According to reports, the Ant Group has made loans to 500 million people, with most of the lending funds coming from about 100 commercial banks that cooperate with the Ant Group. According to the agreement, the risk of default is mainly borne by the banks, while Ant Group earns profits as a middleman.

It is reported that Ma has not appeared in public for more than two months after publicly criticizing the Communist Party’s financial regulatory system. The Financial Times reported on Jan. 1 that Ma did not attend the second final of the “Startup Africa” reality show last November, as planned, and was replaced by Alibaba executive Peng Lei as a judge.

In August last year, Ma said on social media that he would be a judge in the final of the “Startup Africa” competition led by the Jack Ma Foundation.

A spokesman for Alibaba said Ma was unable to judge the final due to “scheduling conflicts,” but did not disclose Ma’s whereabouts, according to the UK’s Daily Mail. People also noticed that Jack Ma’s photo was removed from the show’s webpage.

Ma and the Alibaba Group, which he controls, have been subjected to a series of purges by authorities after Ma publicly criticized Communist Party regulators at a financial summit on the Bund in Shanghai on Oct. 24 last year. On Nov. 2 last year, Ma was suddenly interviewed by four major regulators: the Central Bank, the Banking and Insurance Regulatory Commission, the Securities Regulatory Commission and the State Administration of Foreign Exchange.

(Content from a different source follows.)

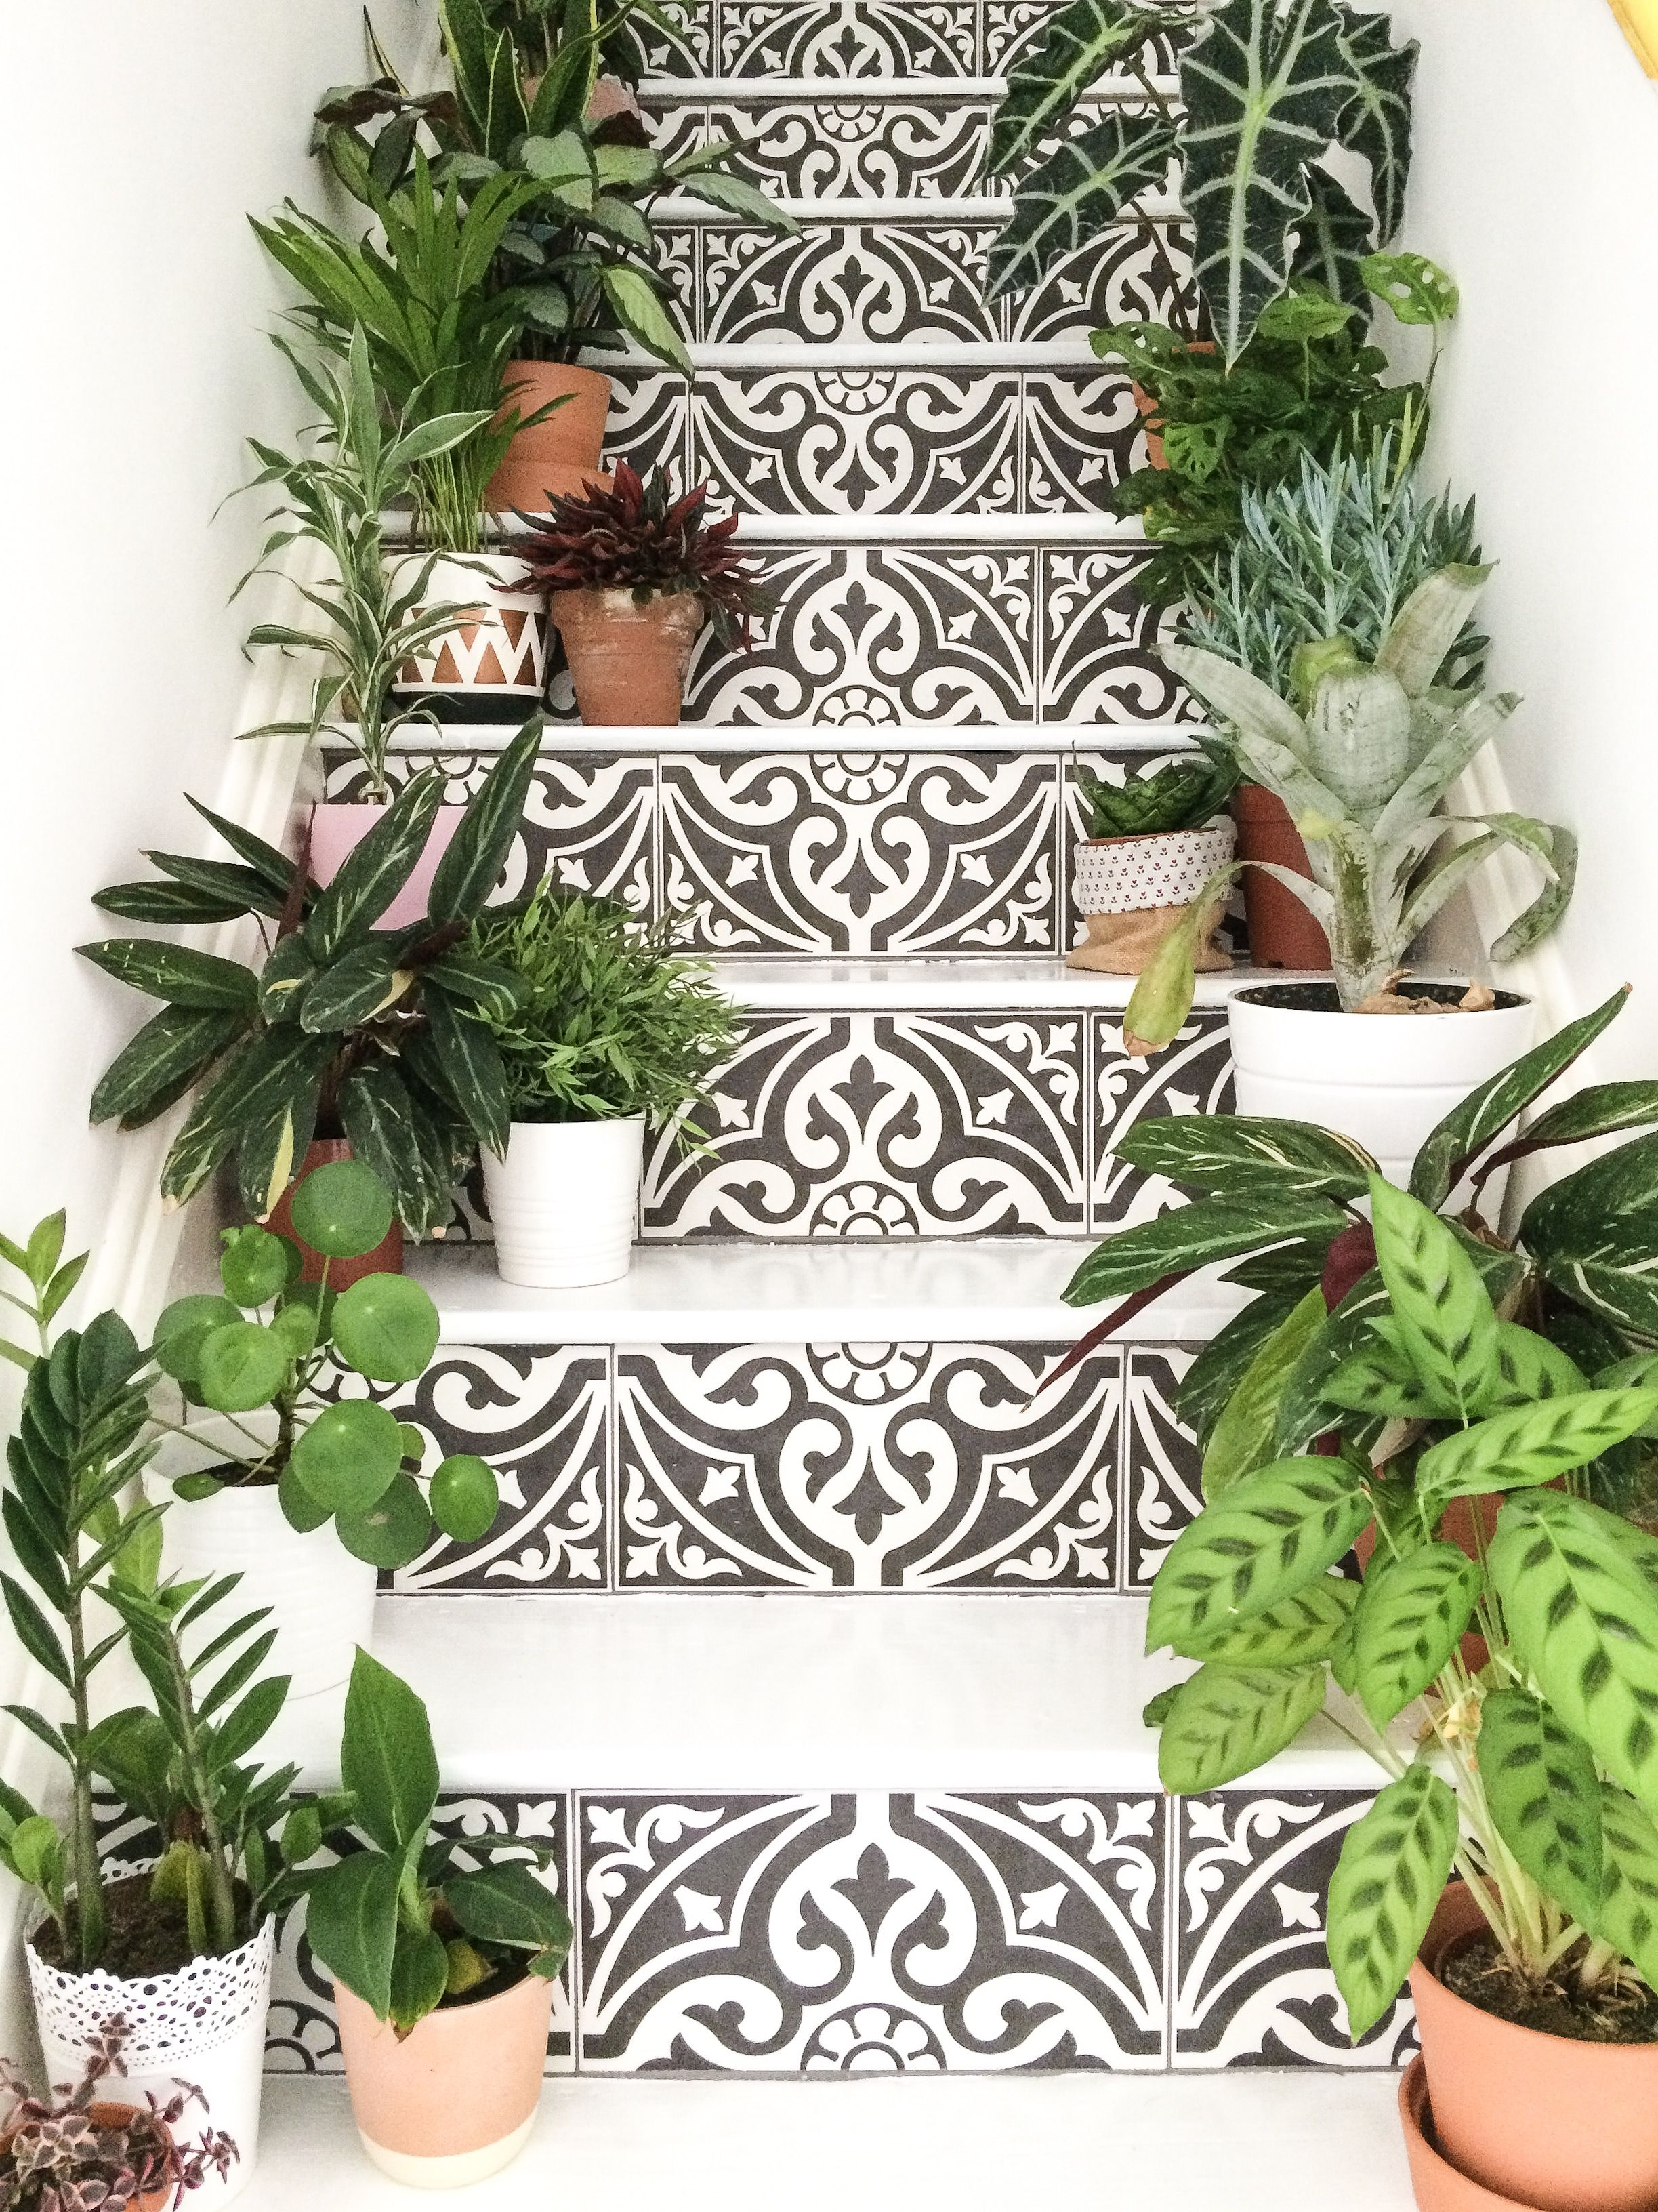 Houseplants veg design pinterest houseplants plants and tile

Subsequently, Ant Group’s IPO was halted, all Ant platform online storage products were forced to be removed from the shelves, and Alibaba was investigated for “violating anti-monopoly laws”.

Bloomberg previously cited a source familiar with the matter as saying that Ma was advised by authorities to stay in China as early as early December. In other words, Jack Ma has actually been banned from leaving the country under border control.

According to Tang Hao, a veteran media personality and host of “Crossroads,” the Chinese Communist Party’s chokehold on Ant and its heavy-handed investigation of Alibaba highlight the rising infighting among the Communist Party’s factions, which has led to a firefight in the economic war.

According to Zhang Zhuan, a financial scholar at Kunming University, Ma is nothing more than a white glove and a proxy holder of CCP assets, and it would be a matter of minutes to take back his power and wealth. If he doesn’t have better dedication, his situation will get worse and worse.